Tao Carson, Filannino Michele, Uzuner Özlem
SUNY at Albany, Albany, NY, USA.
George Mason University, Fairfax, Virginia, USA.
AMIA Annu Symp Proc. 2018 Dec 5;2018:1534-1543. eCollection 2018.
Prescription information is an important component of electronic health records (EHRs). This information contains detailed medication instructions that are crucial for patients' well-being and is often detailed in the narrative portions of EHRs. As a result, narratives of EHRs need to be processed with natural language processing (NLP) methods that can extract medication and prescription information from free text. However, automatic methods for medication and prescription extraction from narratives face two major challenges: (1) dictionaries can fall short even when identifying well-defined and syntactically consistent categories of medication entities, (2) some categories of medication entities are sparse, and at the same time lexically (and syntactically) diverse. In this paper, we describe FABLE, a system for automatically extracting prescription information from discharge summaries. FABLE utilizes unannotated data to enhance annotated training data: it performs semi-supervised extraction of medication information using pseudo-labels with Conditional Random Fields (CRFs) to improve its understanding of incomplete, sparse, and diverse medication entities. When evaluated against the official benchmark set from the 2009 i2b2 Shared Task and Workshop on Medication Extraction, FABLE achieves a horizontal phrase-level F1-measure of 0.878, giving state-of-the-art performance and significantly improving on nearly all entity categories.

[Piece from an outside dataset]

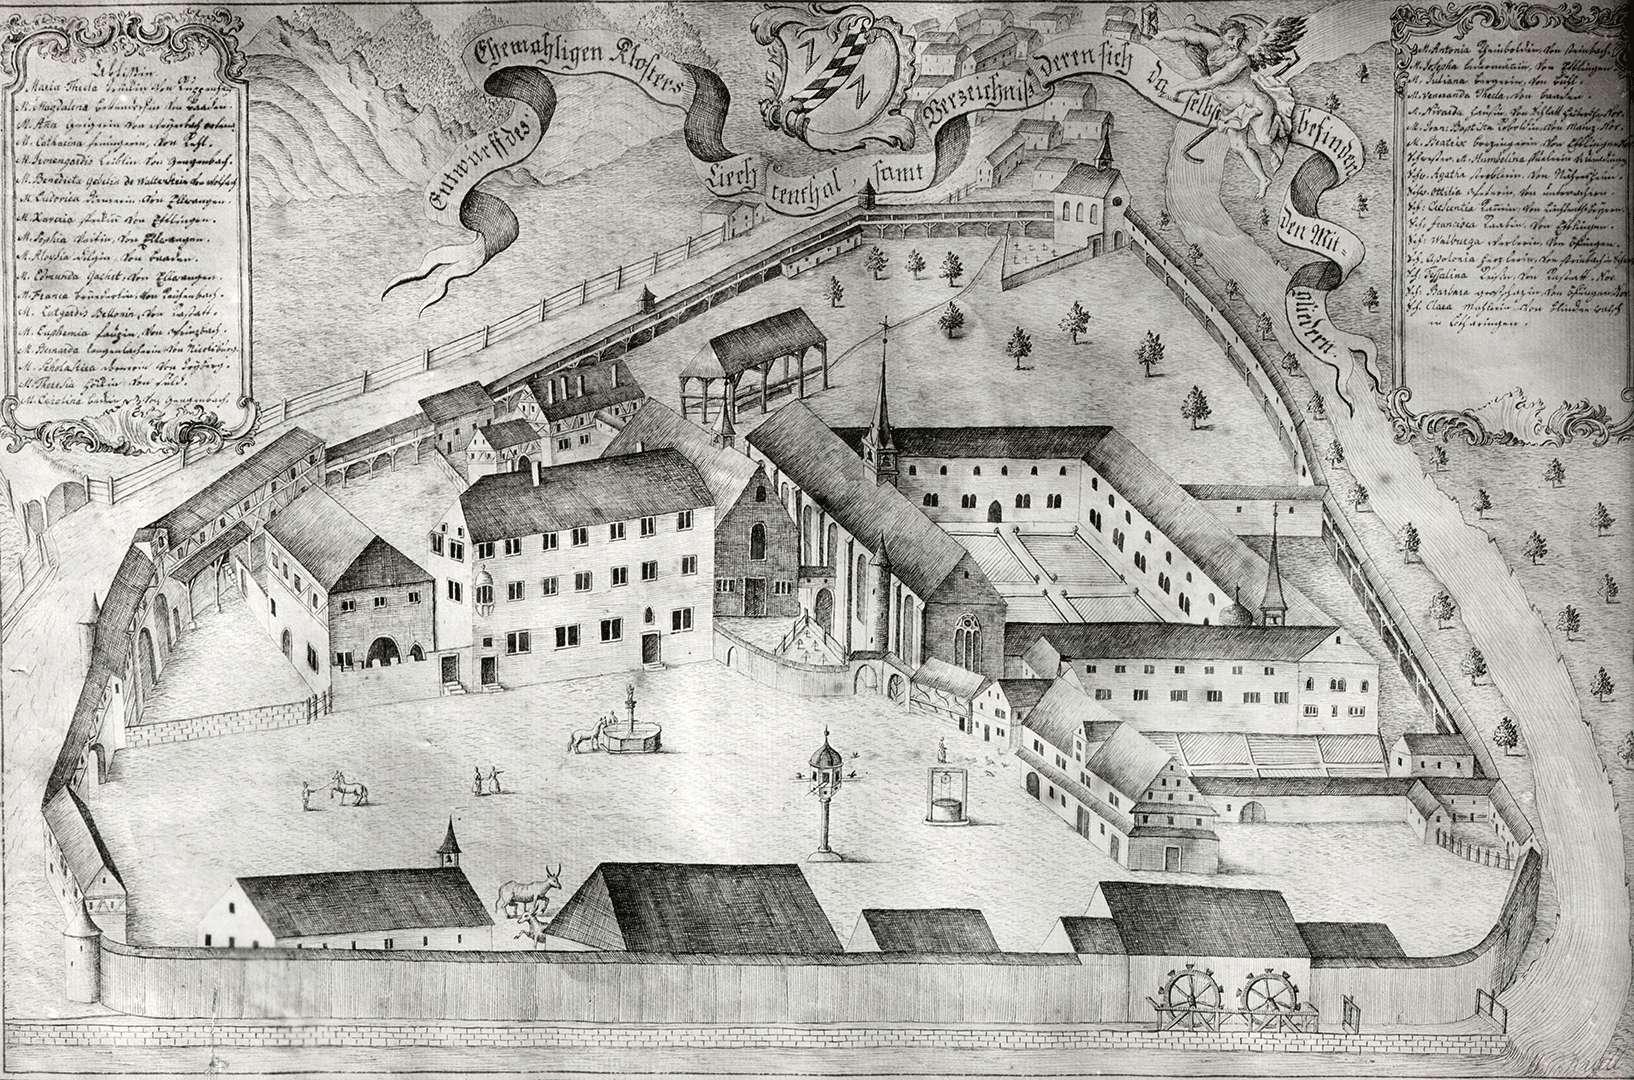 Entwurff des Ehemaligen Klosters Liechtenthal, samt Verzeichniß deren sich daselbst befindenden Mitgliedern, Bild 1

处方信息是电子健康记录(EHR)的重要组成部分。该信息包含对患者健康至关重要的详细用药说明,且通常在电子健康记录的叙述部分中有详细记录。因此,电子健康记录的叙述需要使用能够从自由文本中提取用药和处方信息的自然语言处理(NLP)方法进行处理。然而,从叙述中自动提取用药和处方信息的方法面临两个主要挑战:(1)即使在识别定义明确且句法一致的用药实体类别时,词典也可能不够用;(2)某些用药实体类别稀疏,同时在词汇(和句法)上具有多样性。在本文中,我们描述了FABLE,一种用于从出院小结中自动提取处方信息的系统。FABLE利用未标注数据来增强已标注的训练数据:它使用带有条件随机场(CRF)的伪标签进行用药信息的半监督提取,以提高对不完整、稀疏和多样的用药实体的理解。在针对2009年i2b2药物提取共享任务和研讨会上设定的官方基准进行评估时,FABLE在水平短语级别的F1值达到了0.878,给出了当前的最优性能,并且几乎在所有实体类别上都有显著提升。